* **Data extract**

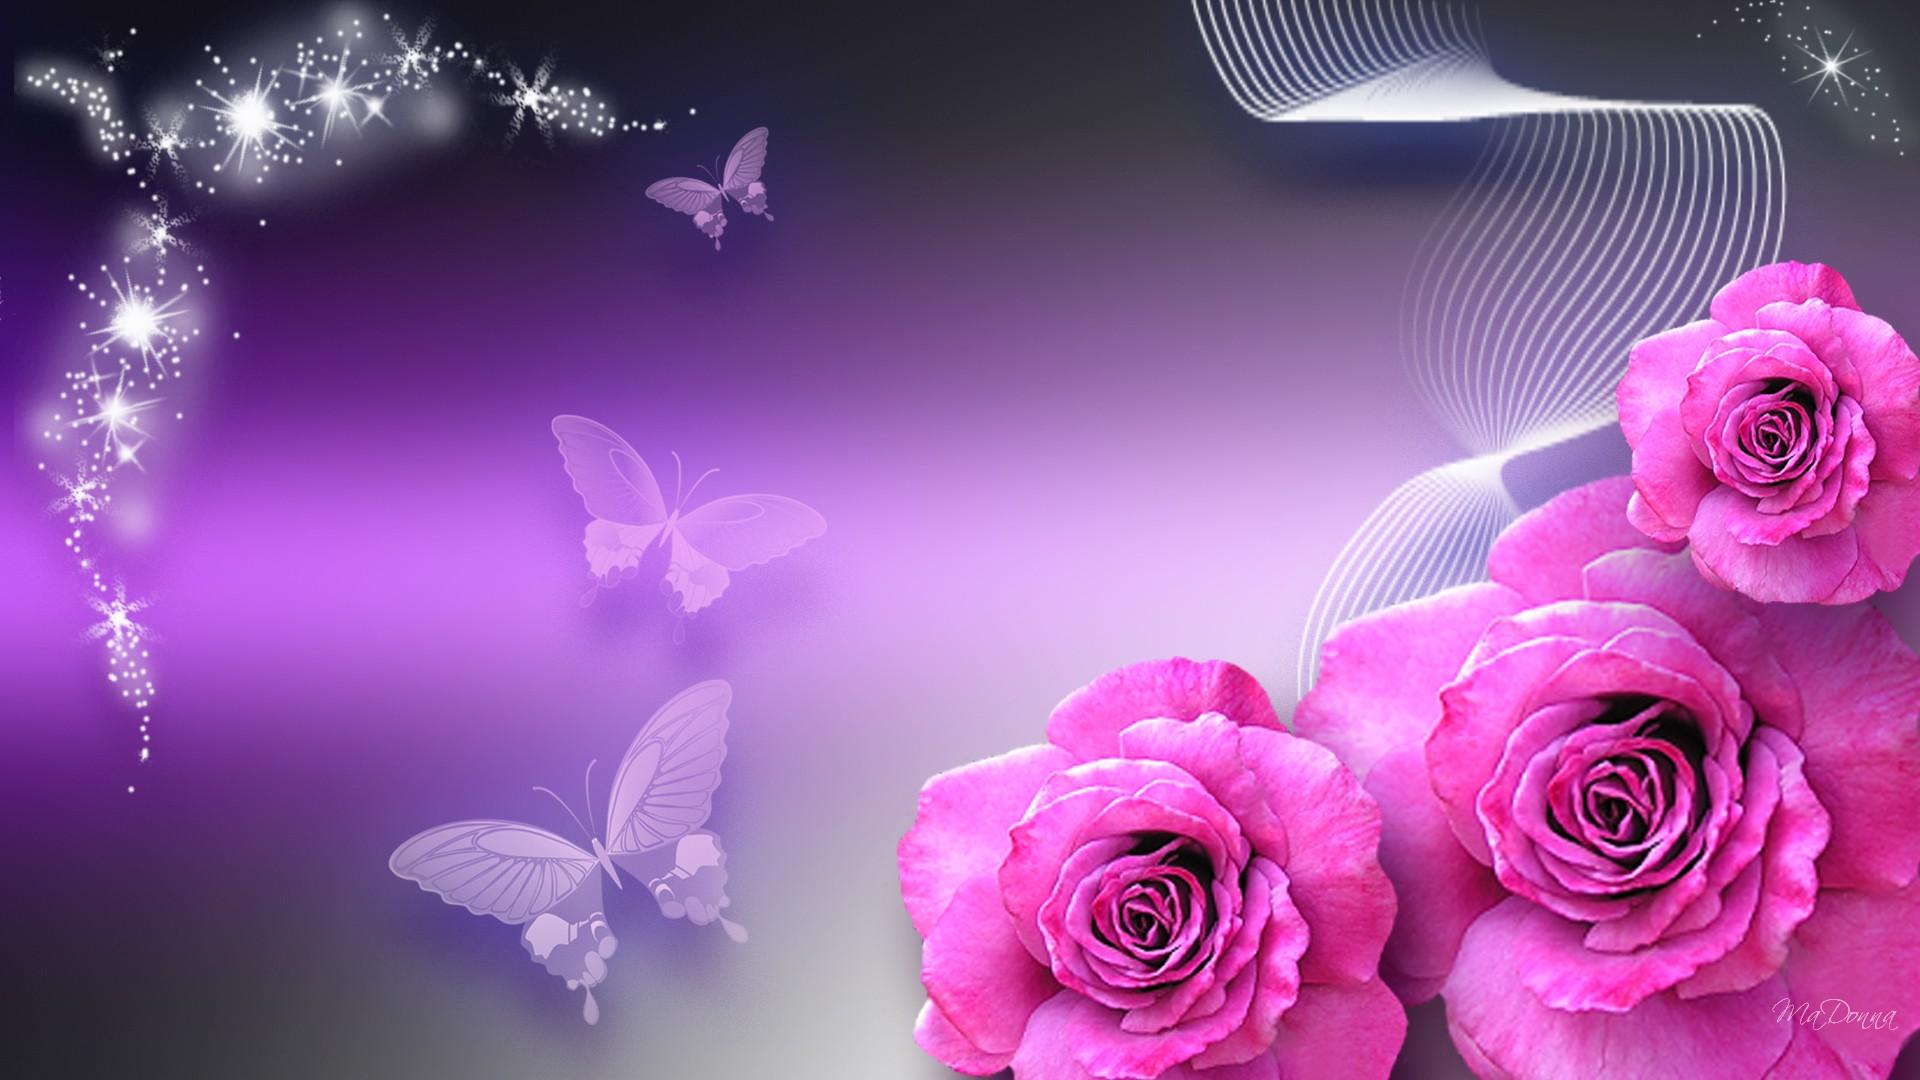 3D Wallpaper Hd Rose   1798224 1920x1080
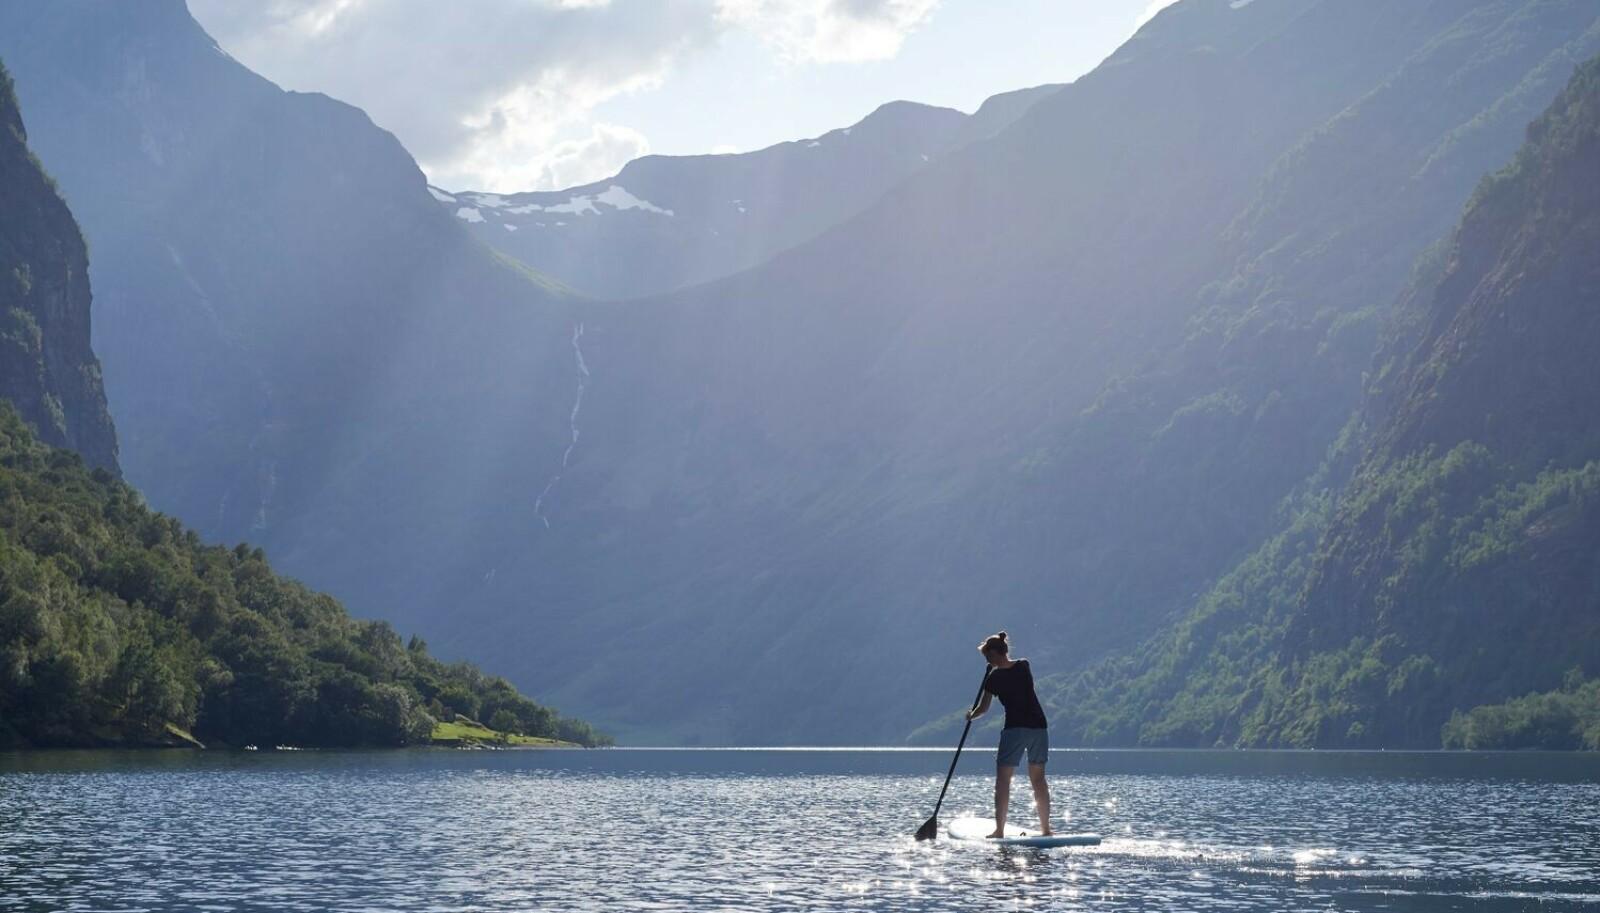 <strong>I VANNFLATEN:</strong> SUP eller ståpadling er blitt en populær aktivitet i norske fjorder, som her i Nærøyfjord. FOTO: Visitnorway.no
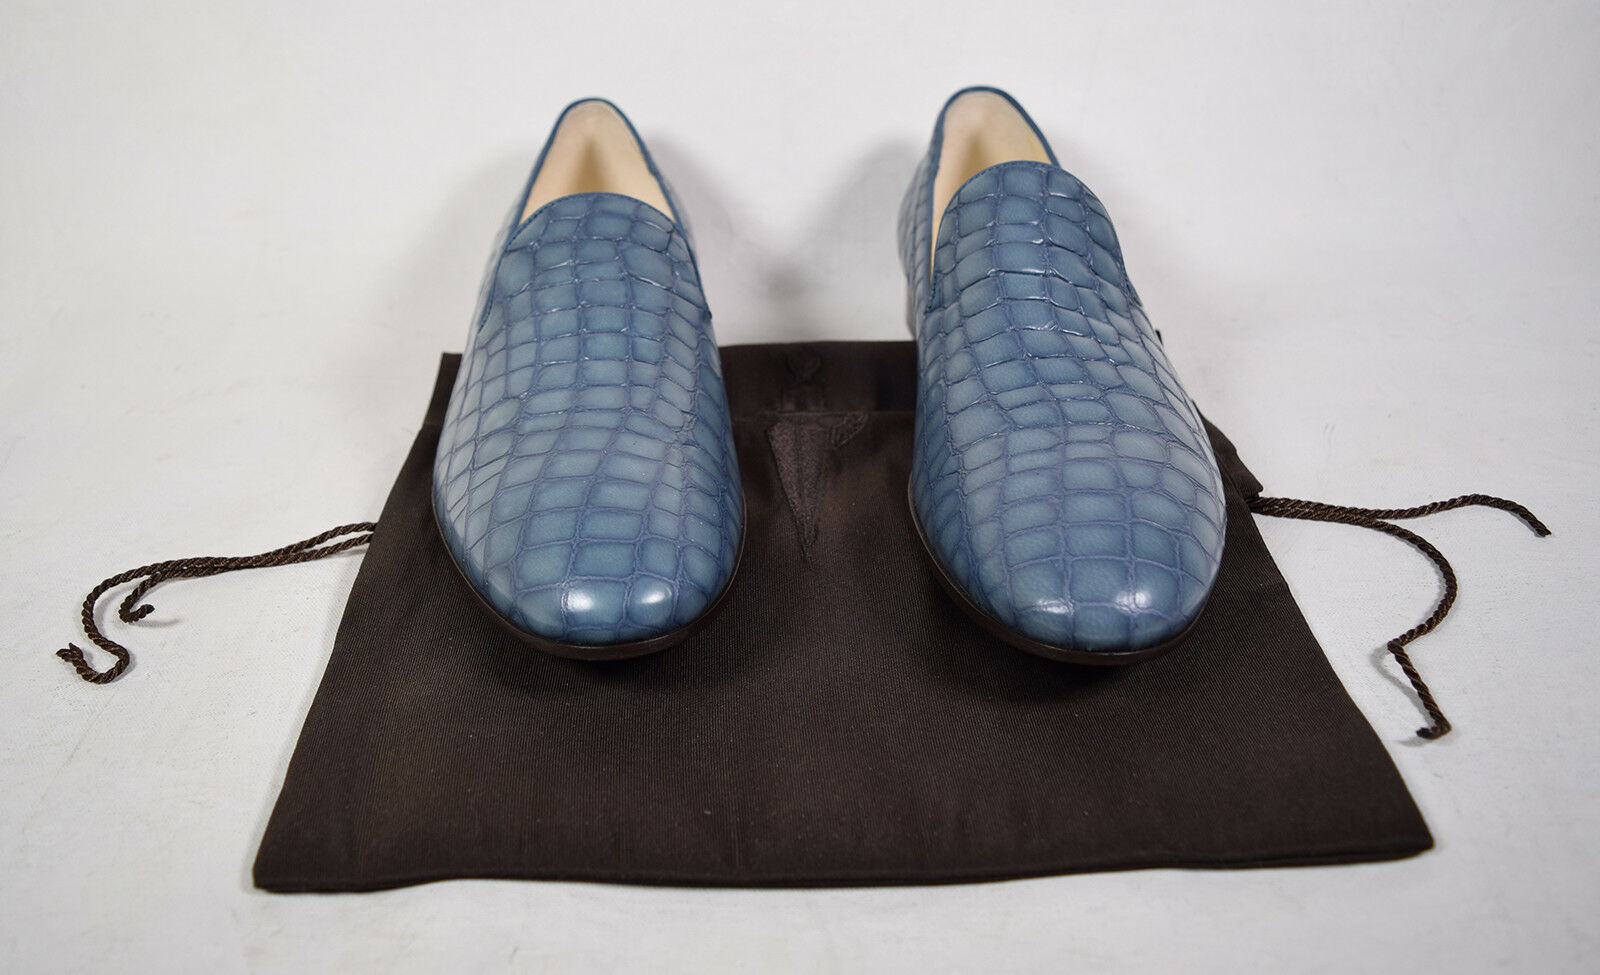 Nicole Simon Mens Loafer Leather Croc Print blu Slip On 8
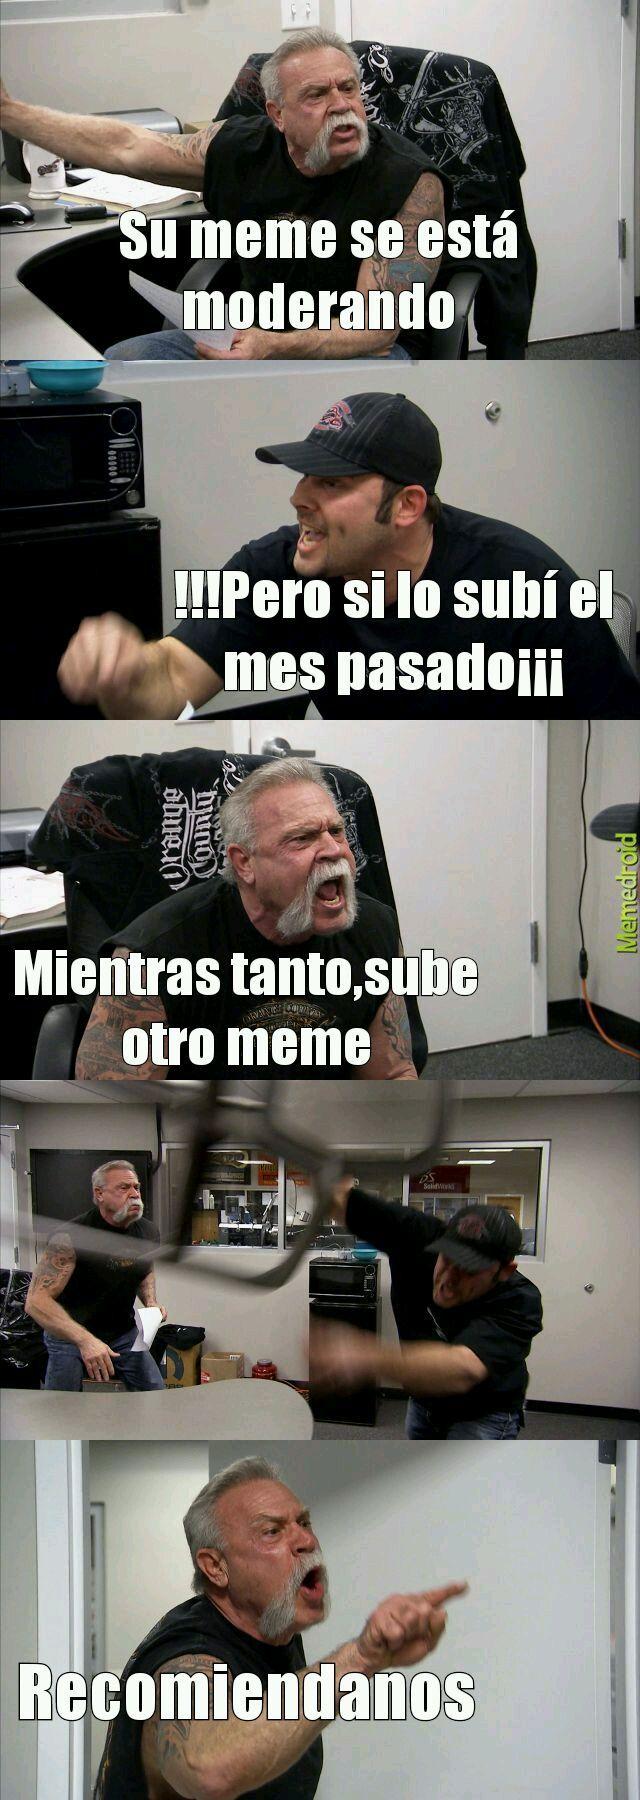 Jxydhdjuvdnfhzjd - meme

* **Exercise brief**
Where the line with "Nicole Simon Mens" appears, begin there and transcribe exactly through the last line of the data, leaving all pictures aside.

* **Result of this task**
 Nicole Simon Mens Loafer Leather Croc Print blu Slip On 8
 Jxydhdjuvdnfhzjd - meme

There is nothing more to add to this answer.